Small businesses are targeted now more than ever by hackers. One of the most common ways cybercriminals can gain access to your network or sensitive data is through employee emails. As technology has become more advanced, so have cybercrime tactics. With the use of AI and social media, hackers often have everything they need to impersonate business leaders or loved ones to manipulate people into revealing sensitive information. To mitigate the risk of these sneaky email scams, here are a few tips on email security training for employees.
1. First, Know How to Spot a Phishing Email Address
The easiest way to tell if an email claiming to be from someone in your organization is by looking at the sender's address. If it is from a random domain and doesn’t feature any names or other indicators that they’re from your organization, it’s best to ignore or report these emails to your IT team. Short messages with obvious grammatical errors should also raise a red flag, especially if the person supposedly sending it typically doesn’t write emails like that.
Although these warning signs are a common way to spot spoofed emails, AI has given cybercriminals the ability to sound very similar to family members or employees in the organization. It’s as easy as feeding prompts and writing from social media posts and other online sources to teach AI how to sound like someone familiar. This is why the best way to catch a phishing email is by looking at the email address it was sent from.
2. Never Click Links or Attachments from Suspicious/Unknown Outside Email Addresses
Make sure to remind employees not to open attachments or click on links in emails from unknown sources. If the sender is unfamiliar or has a suspicious-looking domain, the email should be ignored or reported. This is an email security best practice, because scammers can inject malware into attachments or link to malicious websites.
3. Beware of Common Tactics Used by Phishing Scammers
Aside from suspicious senders or off-looking grammar, cybercriminals use many common manipulation tactics to get you to reveal personal information. They will try to instill fear or urgency by making up scenarios to urge you to act. They often do this by using family member names and other information about you that can be easily found on the web and social media. This makes them seem more legitimate, which can make it difficult to discern a real emergency from a scam. Emails supposedly from loved ones or bosses should raise a red flag when they:
- Ask for money.
- Request that you purchase gift cards or otherwise transfer money to them.
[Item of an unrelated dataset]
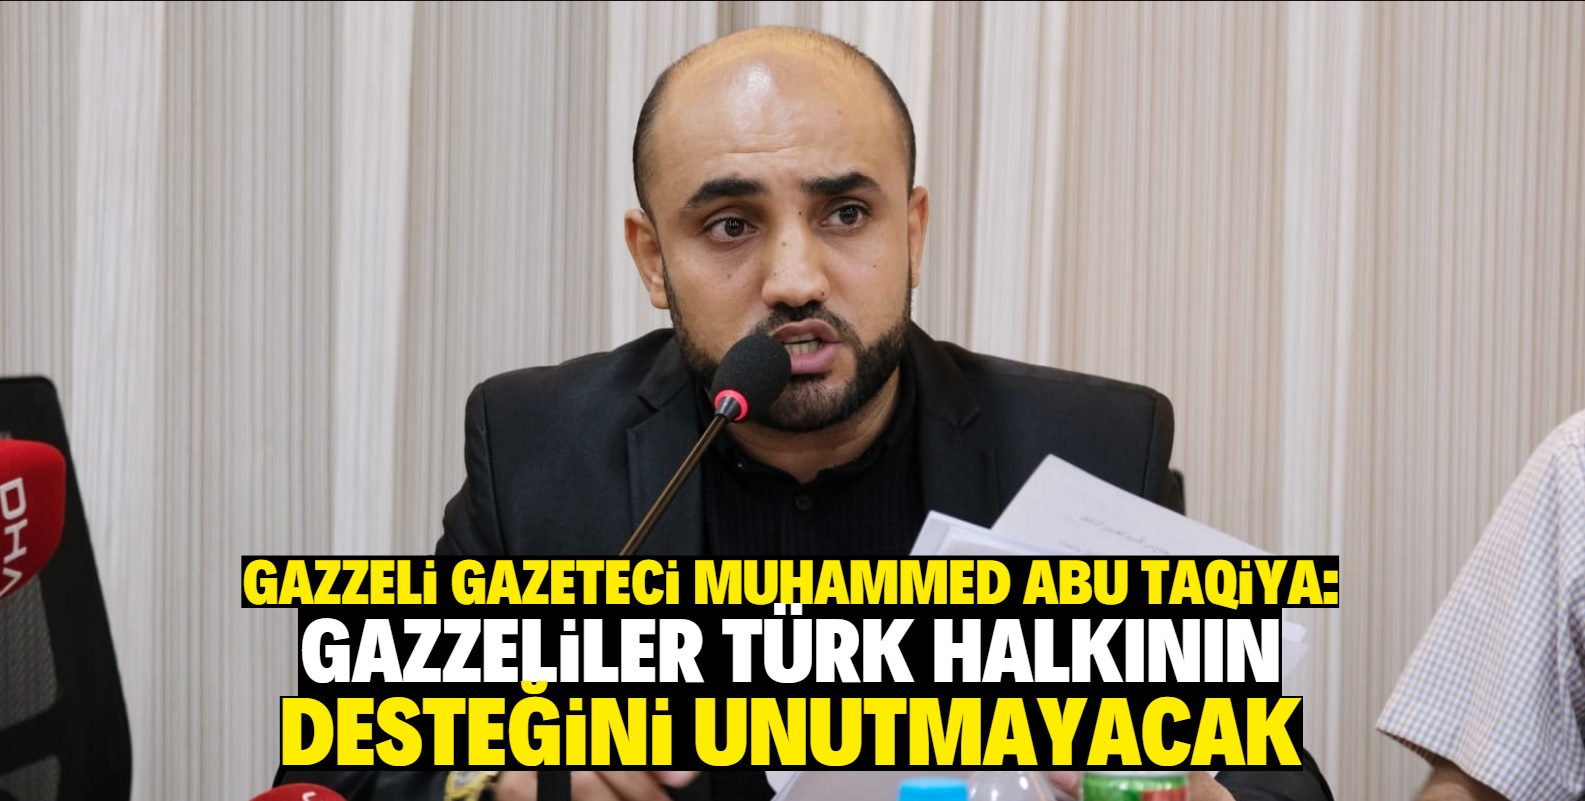 Gazzeli gazeteci Muhammed Abu Taqiya: Gazzeliler Türk halkının desteğini unutmayacak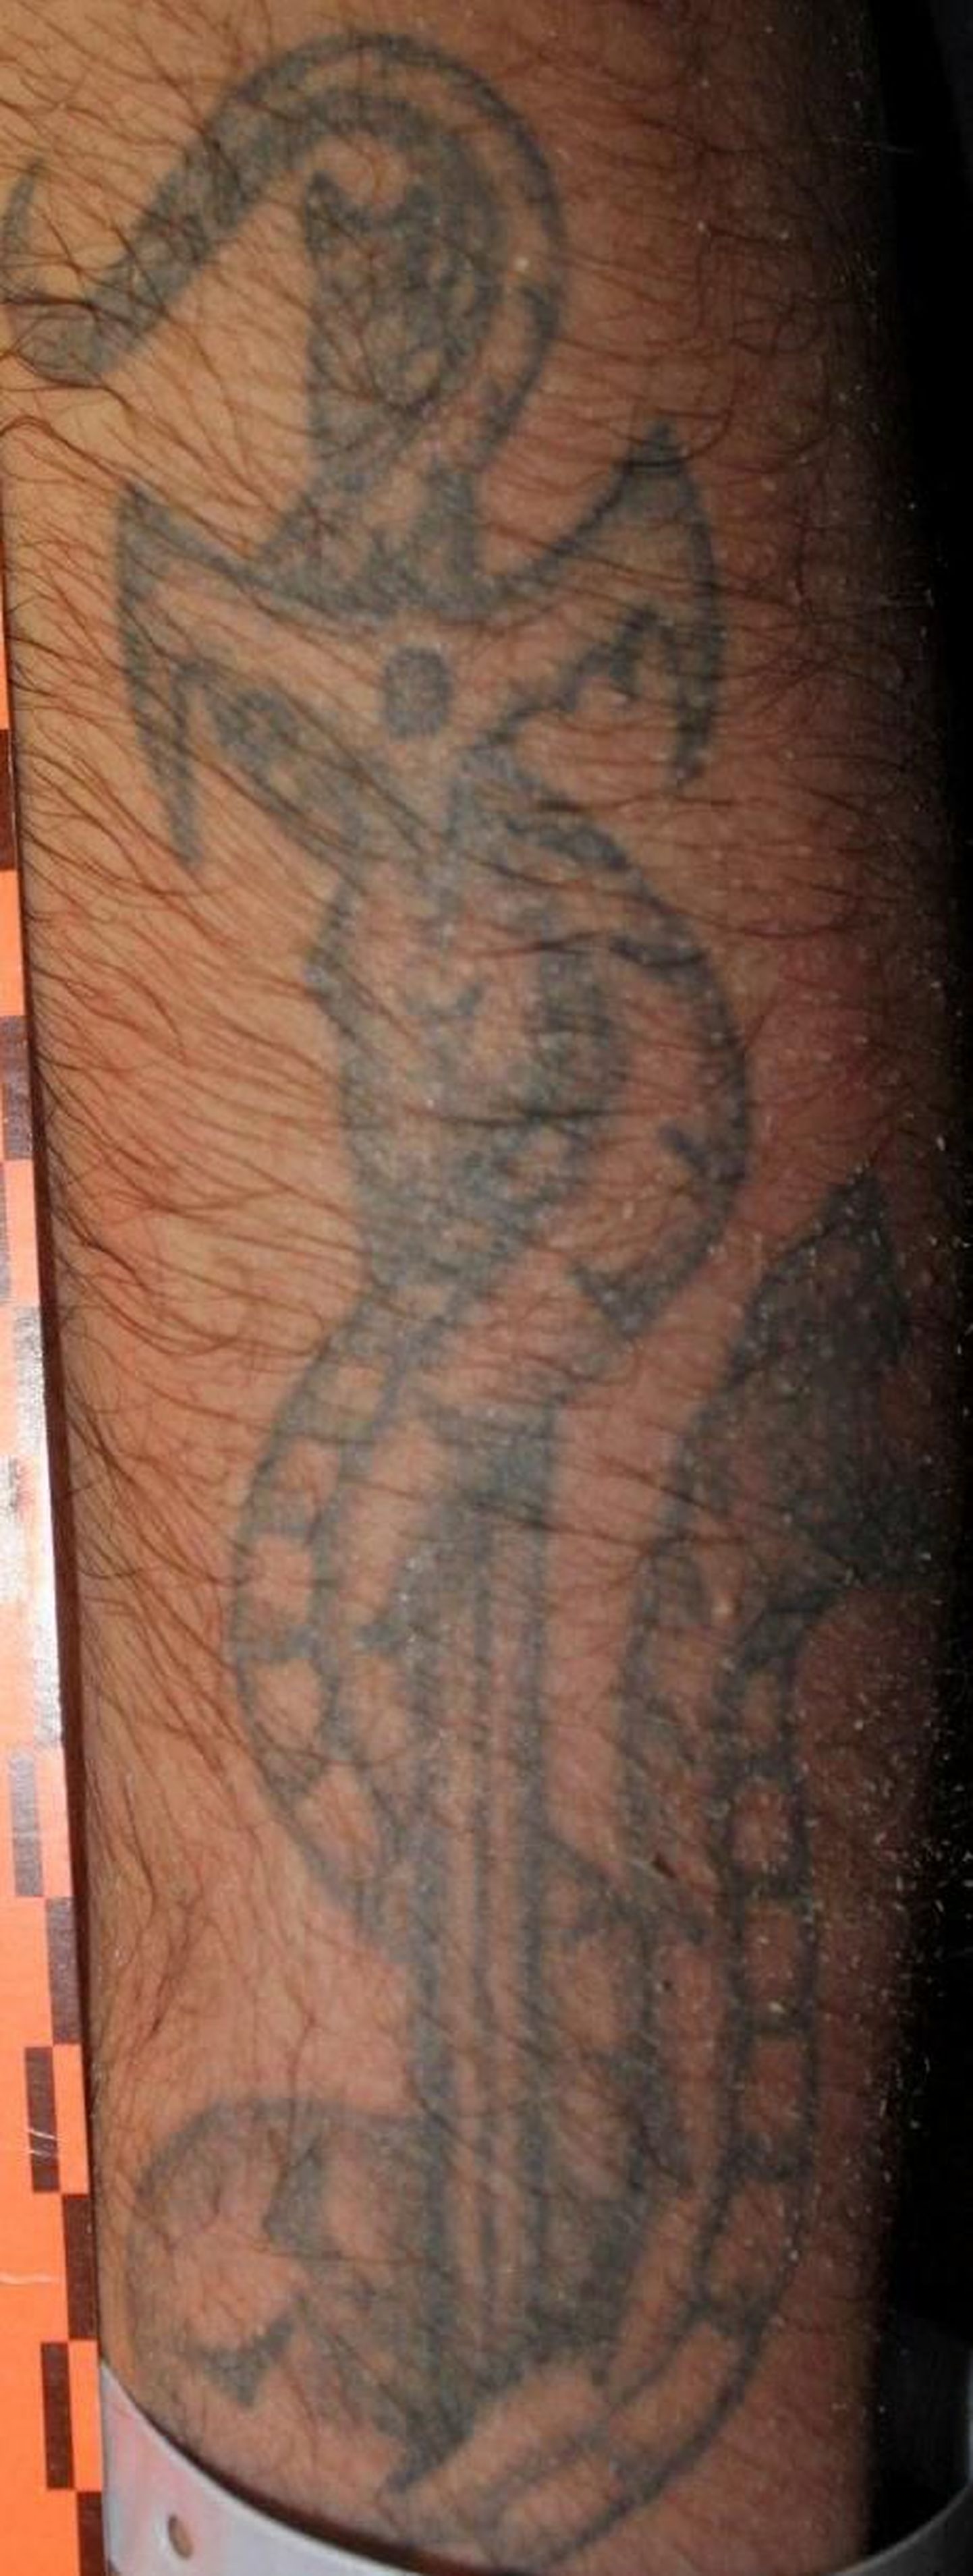 Татуировка на плече у мужчины, труп которого обнаружен 22 ноября

- Present a dire situation they need help with, often with urgent language.
- Try to get your personal information like phone numbers, passwords, and other sensitive data.
- Ask you to send personal or business financial information.
4. Conduct Phishing Training Courses At Least Once Per Year
A great way to make sure all employees are trained on email safety is by conducting regular phishing training courses. These should be short, easy-to-complete training that help users identify common signs of phishing. Some training might even be fun for employees, such as “spot the phishing email” games. Some training courses feature fake phishing emails sent to employees, alerting them if they fall for it and detailing the suspicious details they missed.
In this way, phishing awareness training doesn’t have to be tedious or boring. Many IT service providers can walk you through setting up these training courses according to your organization’s unique needs.
5. Create Strong Passwords for Emails and Reset Often
A strong password is perhaps your strongest defense against email hacking. Passwords should have the following attributes:
- 8 to 12 characters
- Both letters and numbers
- At least one special character (@, #, !, $, etc)
- Avoid using repeating numbers like “1111” or common sequences like “1234”
Due to the prevalence of social media, it’s extremely easy for cybercriminals to find simple personal information that employees may use for passwords. Because of this, employees should choose passwords that would be difficult to guess based on readily available information online. Examples of weak passwords in this regard would be current pet names, spouse names, children names, etc.
6. Use Multifactor Authentication for Added Security
Another great tool for preventing emails from being compromised is using Multifactor Authentication (MFA). This requires users to verify their identity with an additional device, personal email address, or app. It often works by sending a PIN code or verification message to the secondary device or application. The added layer of security would make it difficult for cybercriminals to gain access to their target’s email account.
Next Steps: Network Security Consultants Can Provide Guidance
There are several ways to go about implementing these email safety tips. Ask your managed IT provider and/or cyber security consultants about email security. When trying to develop a training plan for employees, it can be helpful to consult with experts in cybersecurity for the best course of action. If you’re not sure where to start, they will be able to walk you through the process of setting up these training courses and how to approach them with your staff.